To wit: Our public schools are a national disgrace with abysmal international rankings. Our test scores that haven’t budged in 40 years. Unions prevent bad teachers from being fired. Teachers are essential to academic outcomes but they are academically weak and unimpressive, the bottom feeders of college graduates. Administrators are crippled because they can’t fire bad teachers. We know what works in education. Choice will save our country by improving student outcomes. Charters have proven all kids can learn and poverty doesn’t matter. And so on.
All the conventional wisdom I’ve outlined in the previous paragraph is false, or at least complicated by reality. Any education reformer with more than two years experience would certainly agree that the public is mostly unmoved by rhetoric about teacher quality, tenure, curriculum changes, and choice—in fact, when “education reform” is a voting issue, the voters are often going against reform.
Education reformers are very much like Meg Ryan in When Harry Met Sally: All this time I thought he didn’t want to get married. But, the truth is, he didn’t want to marry me.

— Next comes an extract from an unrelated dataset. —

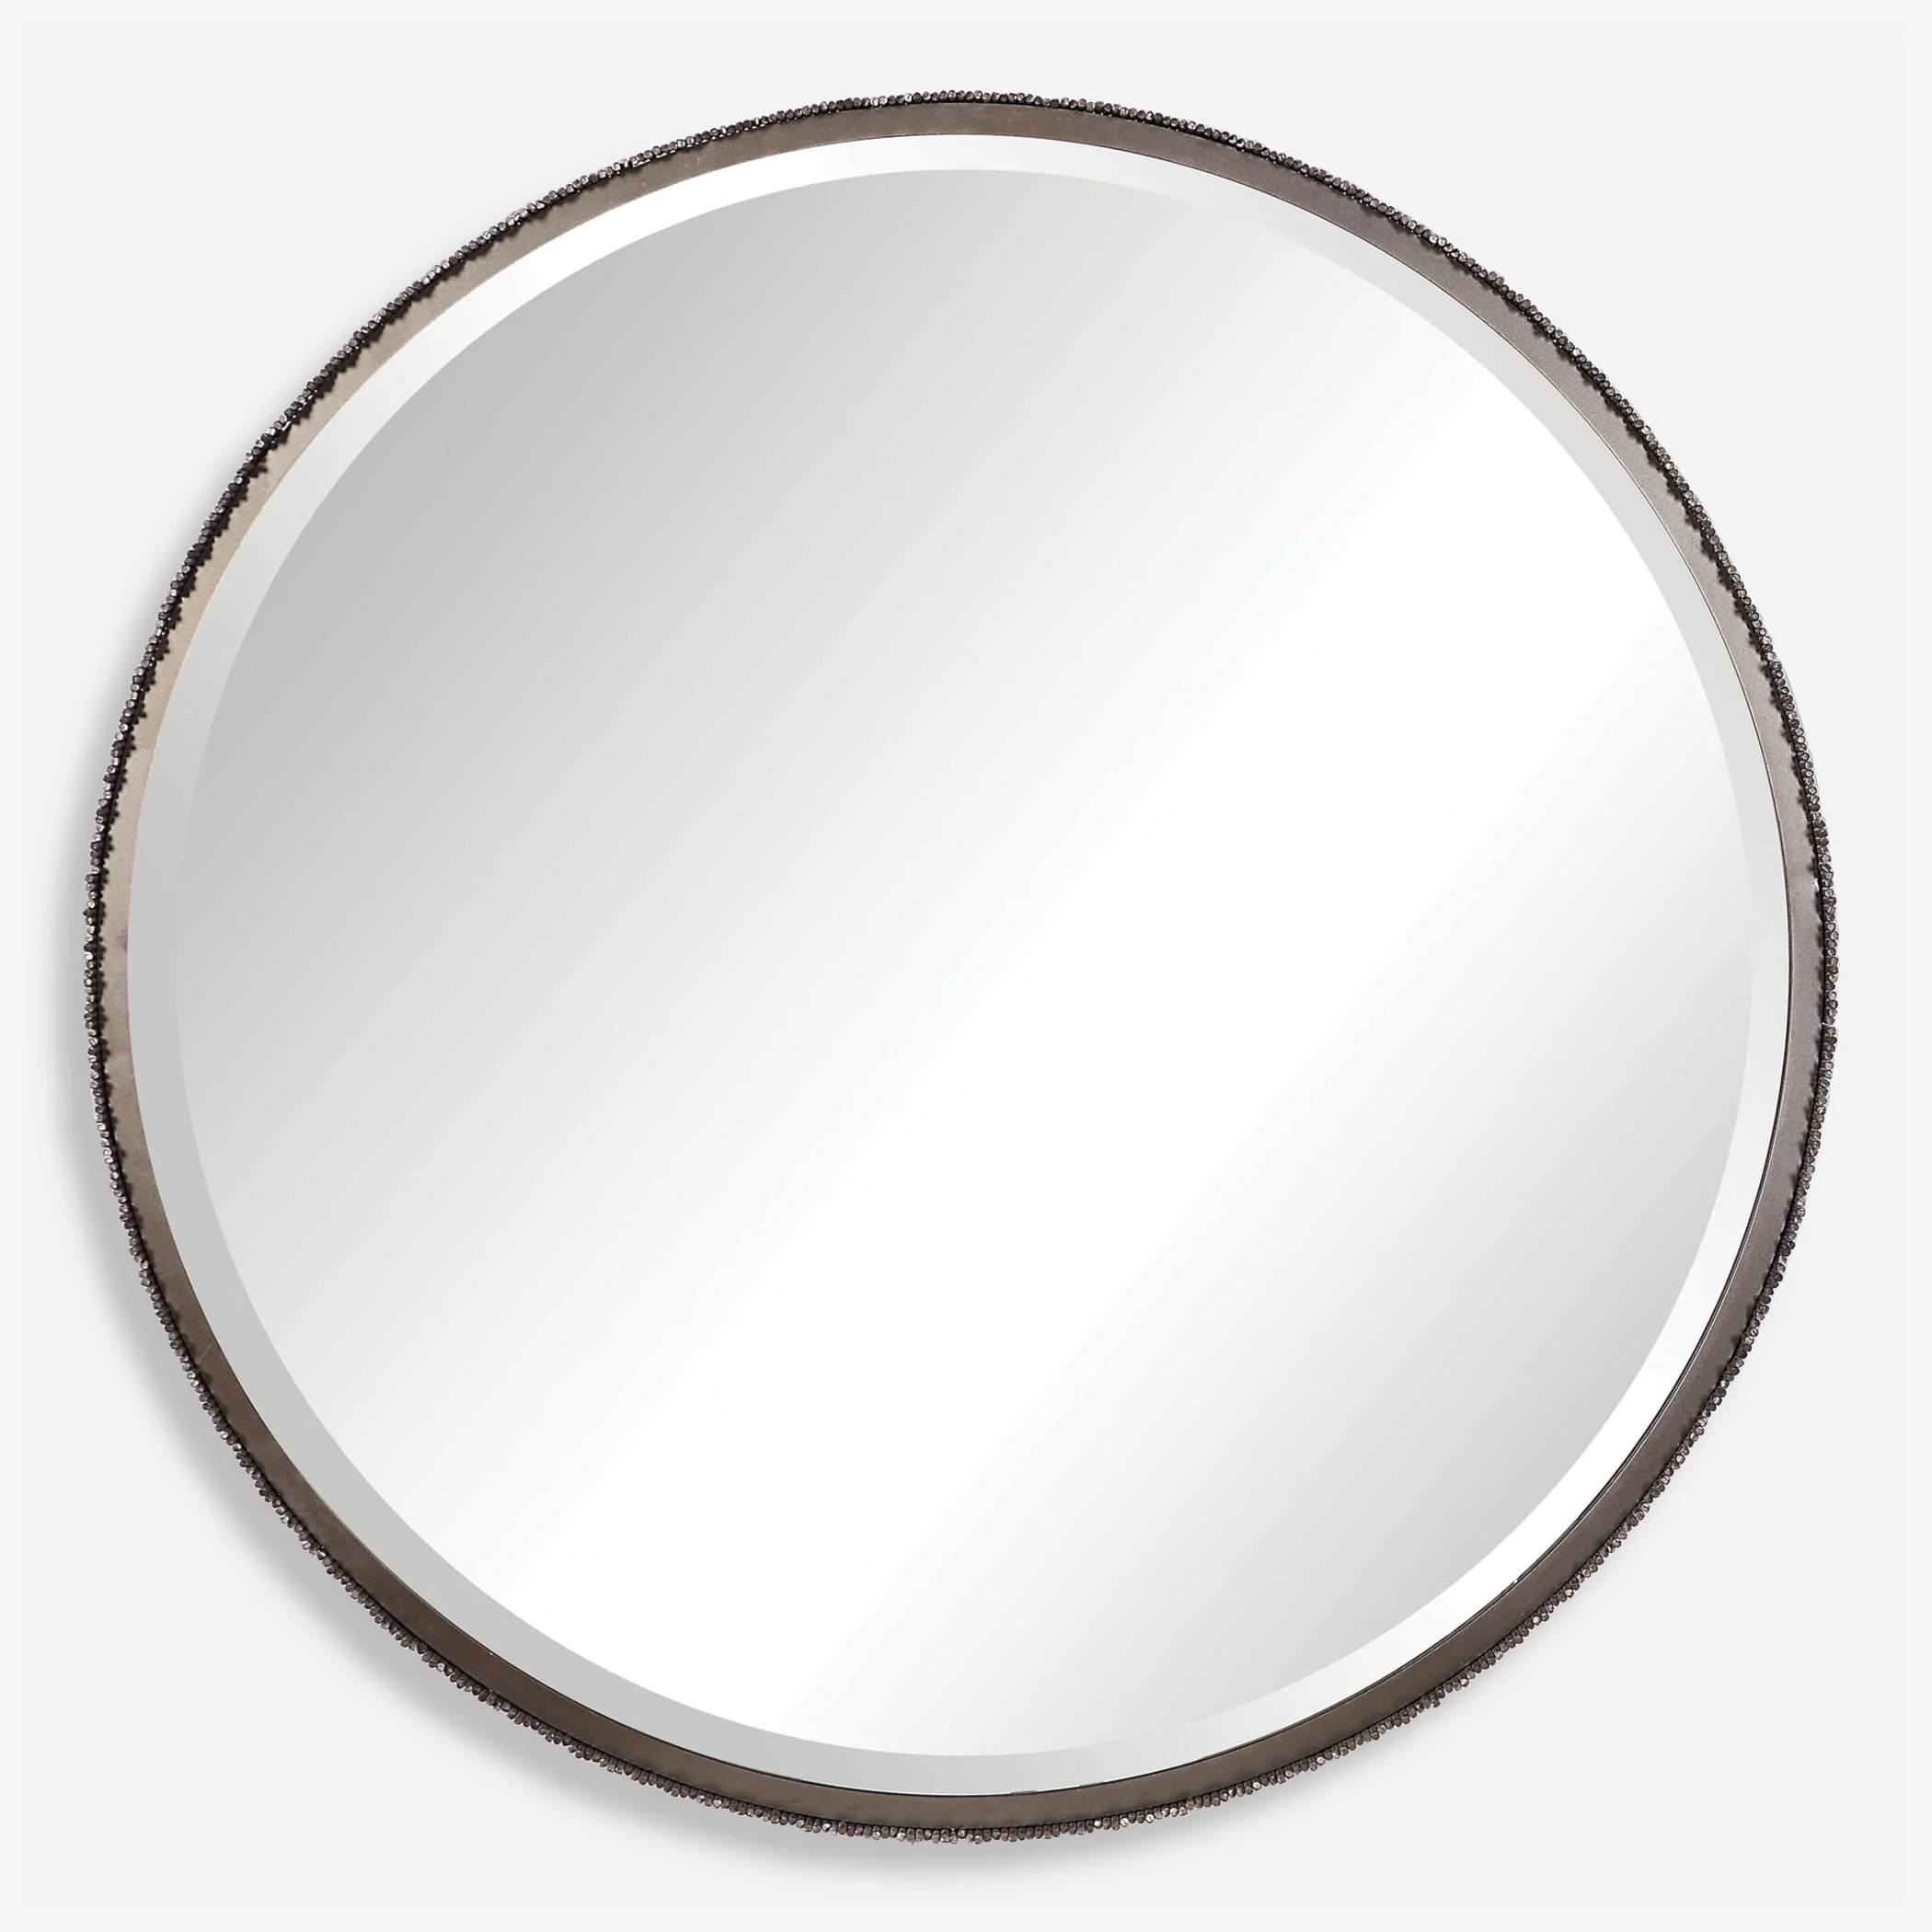 Sailor's Knot Sailor's Knot White Small Round Mirror

Yeah, sorry. Your ideas, reformers, they just don’t do it for the public.
So I put together some policies that a lot of the public would agree with and many would consider important enough to make a voting issue. In each case, the necessary legislation could be introduced at the state or federal level.
There’s a catch, of course. These proposals are nowhere on the horizon. But any serious understanding of these proposals will lead to an understanding of just how very far the acceptable debate is from the reality on the ground.
To understand these proposals, a Reality Primer:
1) Some children cannot learn to the desired standard in an acceptable timeframe or, in the case of high school, in any timeframe.
2) The more rigorous the standard, the greater number of students who will be incapable of learning to that standard.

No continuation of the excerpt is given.